Les débuts de l'exploitation de la canne à sucre contribue au développement d'une économie déjà prospère. Le trafic du port de Saint-Pierre s'intensifie. Des cargaisons de sucre, de colorants et de tabac partent à destination des colonies voisines et des Pays-Bas, quelques-unes vers la métropole. Jean-Baptiste Colbert, ministre de Louis XIV, est sensible au paradoxe : Les richesses produites par la Martinique, colonie française, profite plus aux flamands qu'au royaume de France. Le sucre, par exemple, chargé à Saint-Pierre, transite sur des bateaux hollandais à destination des ports de Flessingue ou d'Amsterdam, puis est raffiné sur place, avant d'être revendu à Paris. Colbert réagit. Adepte des thèses mercantilistes, il sait que la puissance politique d'un Etat dépend étroitement de sa prospérité. Sous son influence la stratégie coloniale du royaume évolue. De politique (lutte contre les autres nations européennes), elle devient essentiellement économique. L'objectif est désormais d'accroître le commerce extérieur de la France, en rentabilisant au maximum ses possessions d'outremer. A cette fin, Colbert édicte, à partir de 1664, une série de mesures. D'abord encourager l'activité marchande par la création de deux nouvelles compagnies de commerce à capitaux privés (Compagnies des Indes Orientales & Indes Occidentales). Ensuite, assurer la sécurité des routes commerciales en reconstituant une flotte de guerre (anéantie sous Mazarin, la Royale compte 10 vaisseaux en 1660, 130 en 1685), et en créant des ports et des arsenaux (Vauban construit ceux de Brest, Toulon, Dunkerque, Rochefort...). Enfin, imposer un strict monopole commercial, en réservant aux compagnies l'exclusivité du commerce avec les colonies. Aussi bien à l'import qu'à l'export. Les colonies doivent être profitables dans les deux sens. A Saint-Pierre, c'est la consternation. Loin de métropole, et n'ayant jusqu'à présent compter que sur eux-mêmes, les colons voient d'un mauvais oeil cette soudaine mainmise sur le fruit de leur travail. Epris de liberté, ils font la sourde oreille aux nouvelles directives, et continuent allègrement à trafiquer avec qui bon leur semble. L'insoumission est telle, que Colbert est contraint d'envoyer une flotte de combat rétablir l'ordre sur l'île et imposer par la force le "Système de l'Exclusif".

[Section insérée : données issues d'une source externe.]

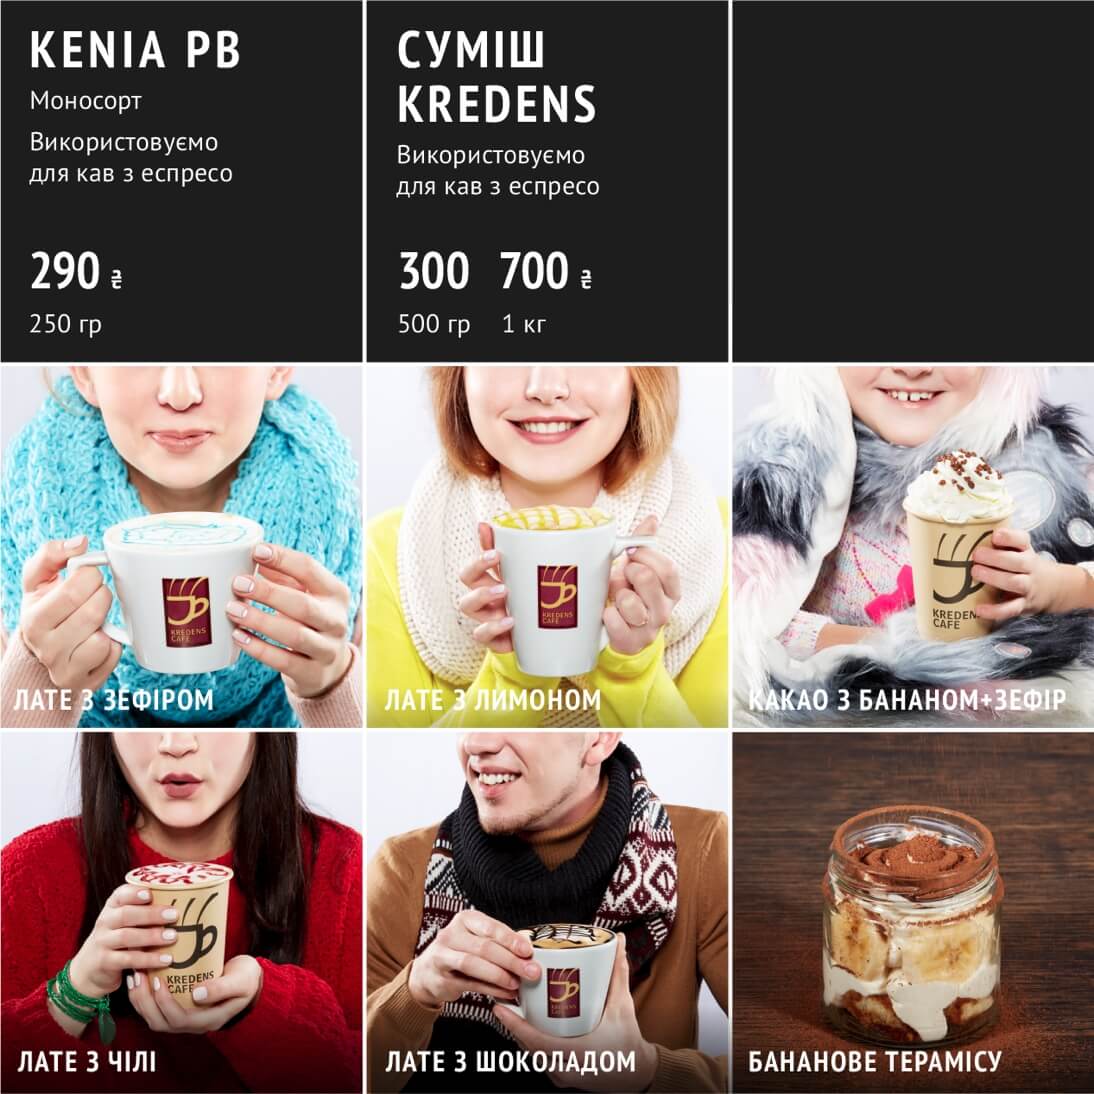 Kredens Cafe - kredens-menu2 - Qubstudio
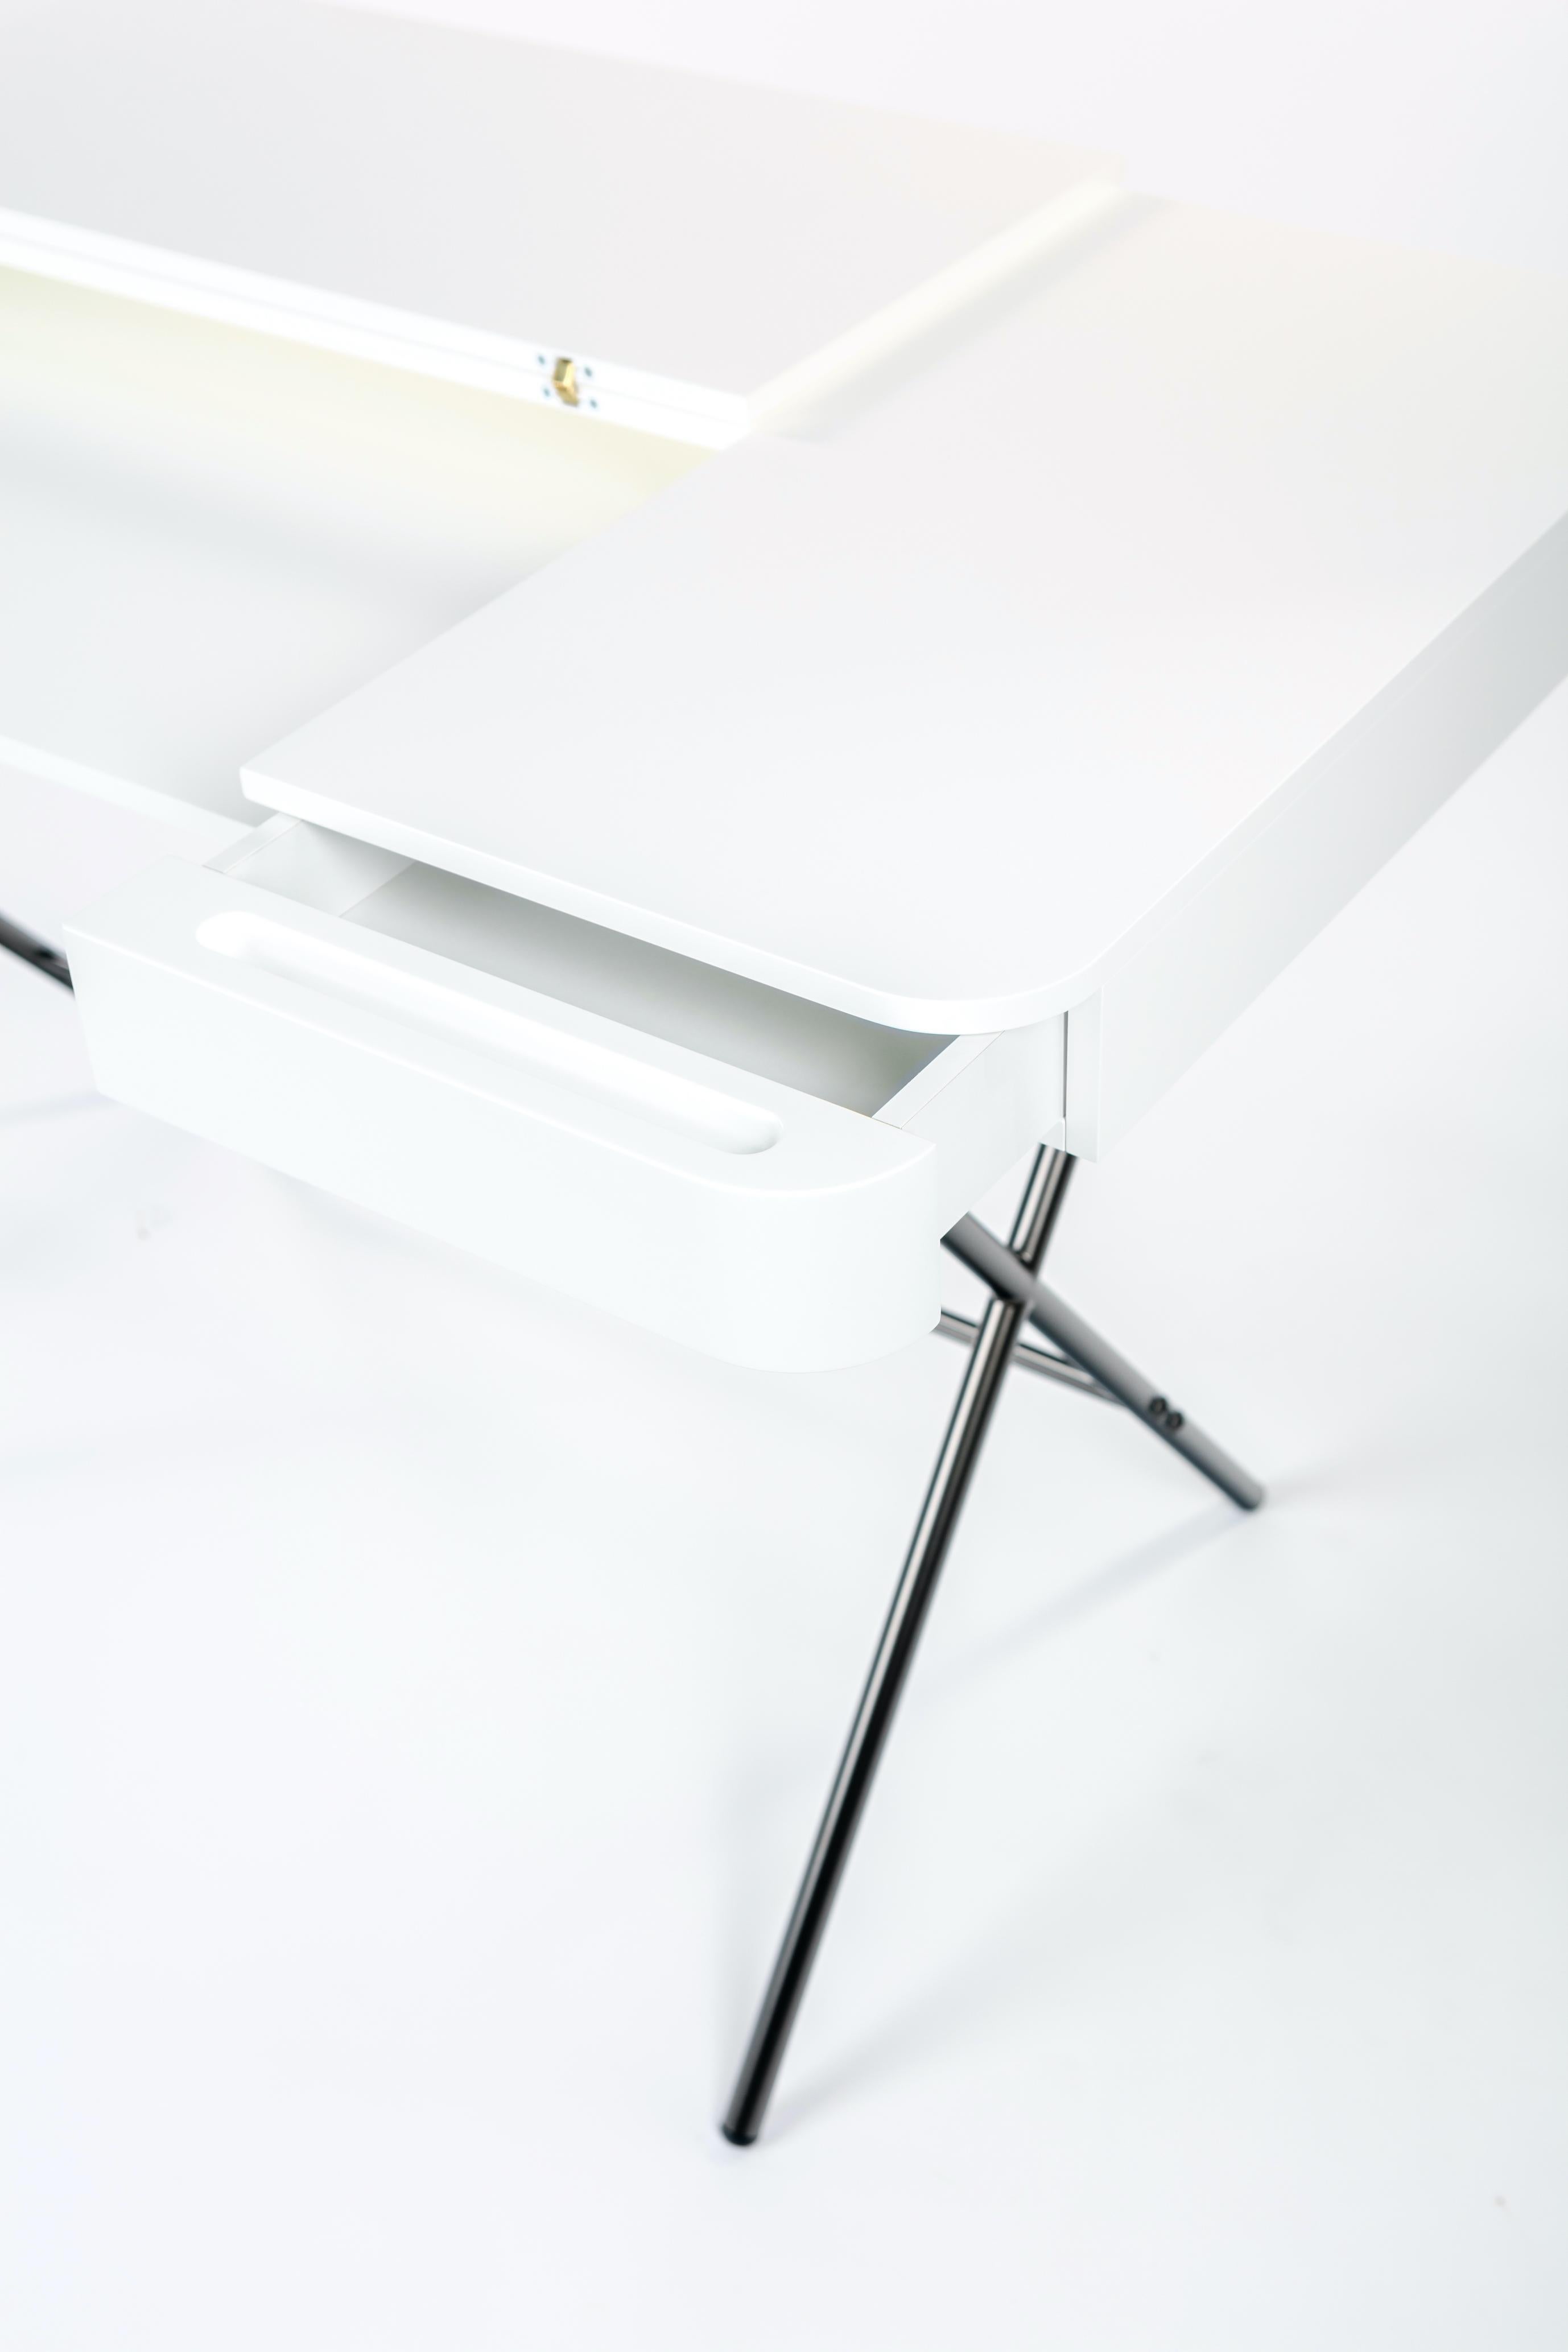 Contemporary Adentro Cosimo Desk design Marco Zanuso jr White Matt  top & bronze base.  For Sale

Annexée au domaine royal en 1674, la Martinique se voit dotée de riches moyens pour accélérer son développement. Saint-Pierre devient Capitale des Antilles françaises

Jean-Charles de Baas, nommé Gouverneur Général de l'île en 1669, se heurte pendant plusieurs années, à une population "farouche et mutine" ayant une "aversion invincible envers la Compagnie". Il bataillera ferme pour faire respecter le monopole, et une fois l'ordre rétabli, les produits martiniquais débarquent enfin en masse dans les ports de métropole. Le sucre n'alimente plus les raffineries d'Amsterdam, mais celles toutes récentes de Dieppe, Dunkerque, Lille, La Rochelle... Tout irait pour le mieux, si le conflit commercial, né de la mise en place de l'Exclusif, ne se transformait en guerre ouverte avec les Pays-Bas. La Compagnie, déjà affaiblie par des erreurs de gestion et des détournements de fonds, ne peut soutenir les assaut de la flotte hollandaise. Ses navires marchands sont des proies faciles, et bientôt ce sont les colonies elles-mêmes qui se trouvent en danger. En 1674, la flotte de l'amiral Ruyters pointe au large de la Martinique. Sa tentative de débarquement à Fort-Royal (Fort-de-France) est miraculeusement repoussée, mais l'étau se resserre inexorablement. Financièrement exsangue, la Compagnie des Indes Occidentales jette l'éponge et est dissoute en décembre de la même année. Cet évènement marque la fin d'un modèle de colonisation. Louis XIV et ses ministres comprennent alors, que la défense et l'exploitation des terres d'outremer ne peuvent être déléguées à l'initiative privée. Désormais, c'est l'Etat qui s'en occupera. La Martinique annexée devient propriété du royaume. Une administration civile et militaire est mise en place, et Saint-Pierre devient le siège du gouvernement général des îles d'Amériques. L'île profite beaucoup de ce changement. Ses nouveaux administrateurs, proches du pouvoir royal, ont toute latitude pour accélérer son développement., et vont s'assurer qu'elle ne manque ni d'hommes, ni de capitaux.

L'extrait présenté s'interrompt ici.